Set these in `.env` (see `.env.example`) or as environment variables.

| Variable | Default | Description |
|---|---|---|
| `UPSTREAM_PROVIDER` | `anthropic` | `anthropic` or `openai` |
| `UPSTREAM_API_KEY` | `""` | Default upstream key (overridable per-request via BYOK) |
| `UPSTREAM_BASE_URL` | `https://api.anthropic.com` | Upstream API base URL |
| `PROXY_PORT` | `8000` | Port the proxy listens on |
| `PROXY_HOST` | `0.0.0.0` | Host the proxy binds to |
| `DB_PATH` | `~/.contextpack/contextpack.db` | SQLite store for sessions, codebooks, analytics |
| `CODEBOOK_MIN_FREQ` | `3` | Times a pattern must recur before it's a codebook candidate |
| `CODEBOOK_NEGOTIATE_AFTER` | `2` | Recurrences after which negotiation is triggered |
| `CODEBOOK_MAX_ENTRIES` | `50` | Max codebook entries per session |
| `CODEBOOK_MIN_TOKEN_SAVINGS` | `10` | Minimum net token savings for an entry to be worth it |
| `ENABLE_CROSS_SESSION` | `true` | Allow codebook reuse across sessions |
| `REF_THRESHOLD_TOKENS` | `100` | Token size above which content becomes a lazy reference |
| `ENABLE_LAZY_REFS` | `true` | Enable lazy reference loading |
| `ENABLE_SUMMARIZER` | `false` | Auto-summarize long content (off — costs upstream tokens) |
| `SUMMARIZE_THRESHOLD` | `500` | Token size above which auto-summarize kicks in |
| `TOKEN_BUDGET` | `8000` | Default token budget for the optimizer |
| `LOG_LEVEL` | `INFO` | Logging level |

---

## Dashboard

While the proxy is running, open **`http://localhost:8000/dashboard`** for a live view of token savings, per-session compression ratios, and active codebooks.

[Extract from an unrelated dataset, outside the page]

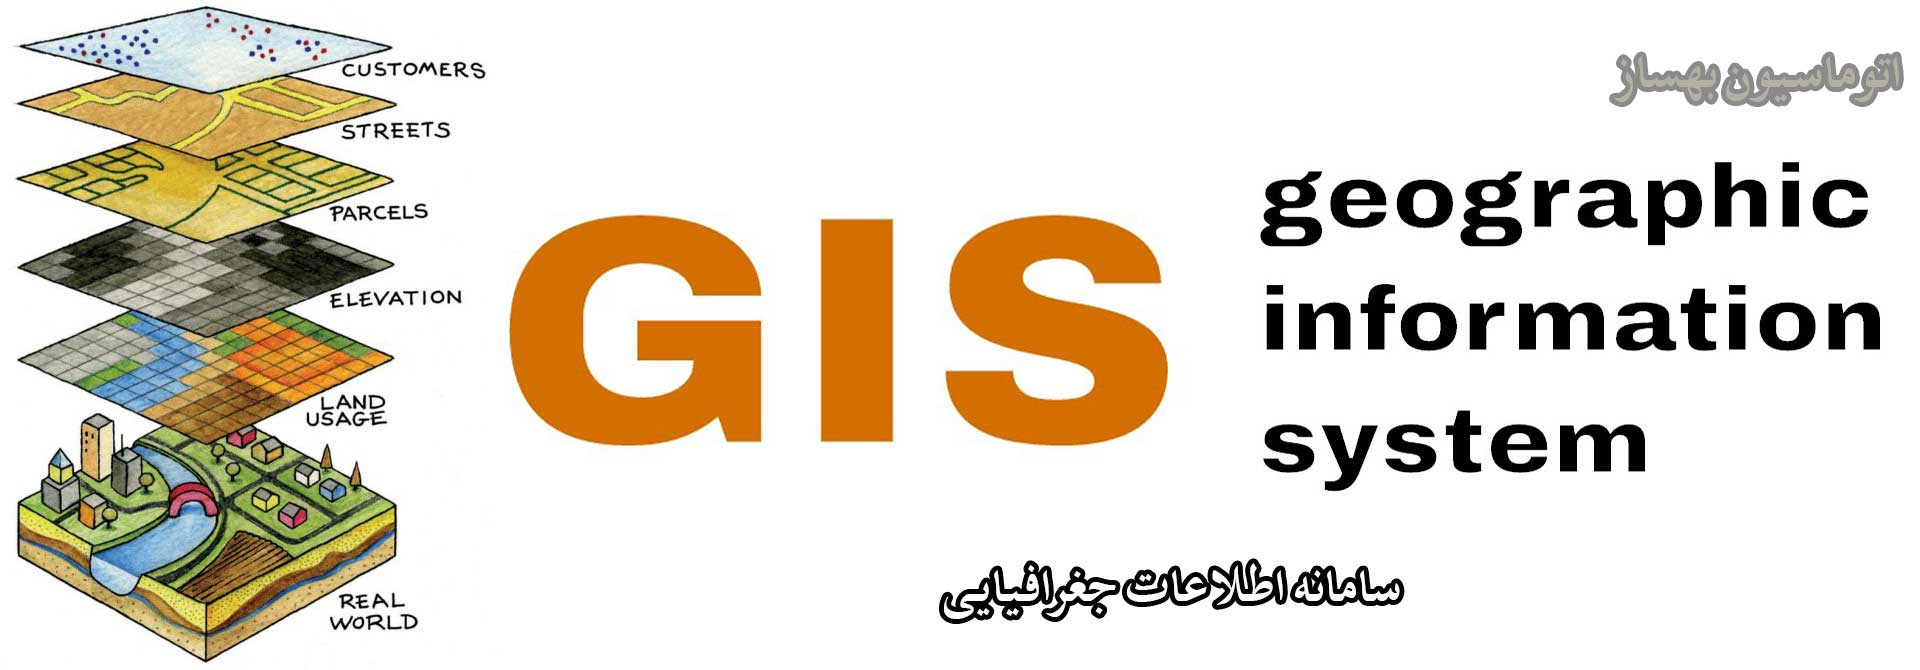 سامانه اطلاعات جغرافیایی GIS

Append `?session_id=<id>` to focus on a single session.

---

## How it compares

| | Doing nothing | Generic compressor | **ContextPack** |
|---|---|---|---|
| Token savings on repeated context | 0% | partial | **41–60% (codebook)** |
| Lossless | n/a | no — drops bytes one-sidedly | **yes — model confirms the dictionary** |
| Content-aware (JSON/code/logs) | no | sometimes | **yes** |
| Lazy references for huge blobs | no | rarely | **yes** |
| Drop-in OpenAI-compatible proxy | n/a | varies | **yes** |
| Library / CLI / MCP server | n/a | varies | **all three** |
| Runtime footprint | none | often Rust/ML deps | **pure Python** |

The honest summary: generic compressors decide unilaterally what to throw away. ContextPack's **negotiated codebook** is the unique angle — it reaches an explicit agreement with the model about what each symbol means, which is why accuracy stays at 100% on the codebook benchmark while still saving up to 60% of tokens.

---

## Development / running evals

```bash
pip install -e .                  # core install
pip install -e ".[evals]"         # optional: pull datasets via HuggingFace instead of canonical URLs

# Tiered benchmark suite (datasets auto-download and cache under ~/.contextpack/eval_cache/)
python -m evals.suite --tier 1            # workload + codebook (fast)
python -m evals.suite --tier 2 --n 50     # + SQuAD context compression
python -m evals.suite --tier 3 --n 100    # full suite (SQuAD + GSM8K + TruthfulQA)
```

Results are printed as a rich table and written to `evals/RESULTS.md`.

---

## License

MIT © 2026 Surya Vulavala. See [LICENSE](LICENSE).